Rhyme
A rhyme is a repetition of identical or similar terminal sounds in two or more different words and is most often used in poetry. Although most readers think of rhyme as one of the defining characteristics of poetry, in reality rhyme is a relatively new poetic technique. The ancient poetry of the Greeks and Romans did not rhyme, and in fact the earliest poetry of most European languages such as Old English and Old Frankish is unrhymed as well. In the West, rhyme only begins to emerge in poetry during the medieval period; several poems in Old Irish and one poem in Old English dating to roughly the seventh or eighth century are among the earliest examples of rhyming verse.
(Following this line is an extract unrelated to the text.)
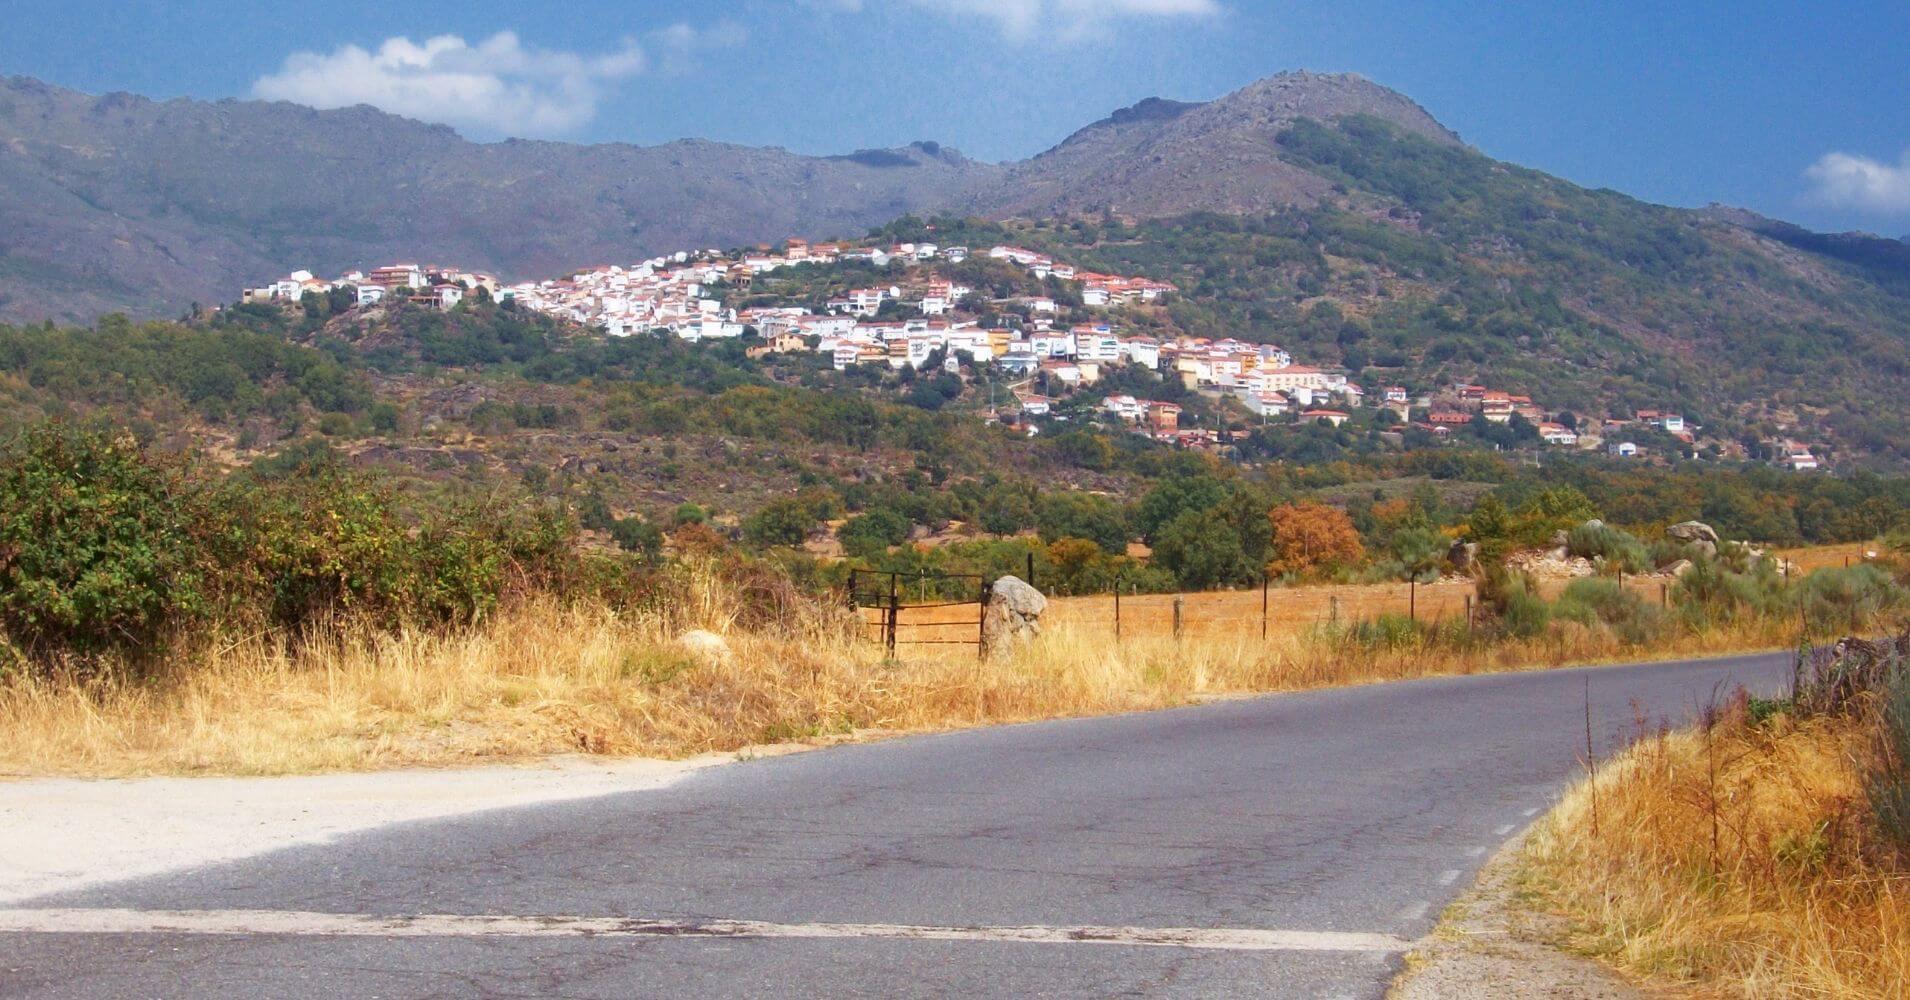 Sierra de Gata, San Martín de Trevejo. Cáceres. Extremadura.

By the late medieval ages rhyme had spread to become one of the most dominant features of Western verse (in other cultures, such as Chinese literature, rhyme can be traced back significantly farther into the past. However, in the case of Chinese, pronunciation has changed so dramatically over the centuries that many poems that once rhymed no longer do so).
For several hundred years following rhyme's emergence in the Middle Ages, Western poetry almost invariably rhymed, with occasional exceptions such as the blank verse of Marlowe or Shakespeare. However, beginning with the advent of free verse in the early twentieth century, poetry of all literatures (both Western and non-Western) began to move away from the traditions of rhyme. Although rhyme has recently begun to make a come-back, most poetry written today is either unrhymed or written in various forms of half-rhyme. Nonetheless, for any student of poetry, rhyme is a quintessential attribute of the literary tradition.
Etymology
The word comes from the Old French rime, derived from the Old Frankish language *ri:m, a Germanic term meaning "series, sequence" attested in Old English and Old High German, ultimately cognate to the Old Irish rím, and the Greek ἀριθμός arithmos "number."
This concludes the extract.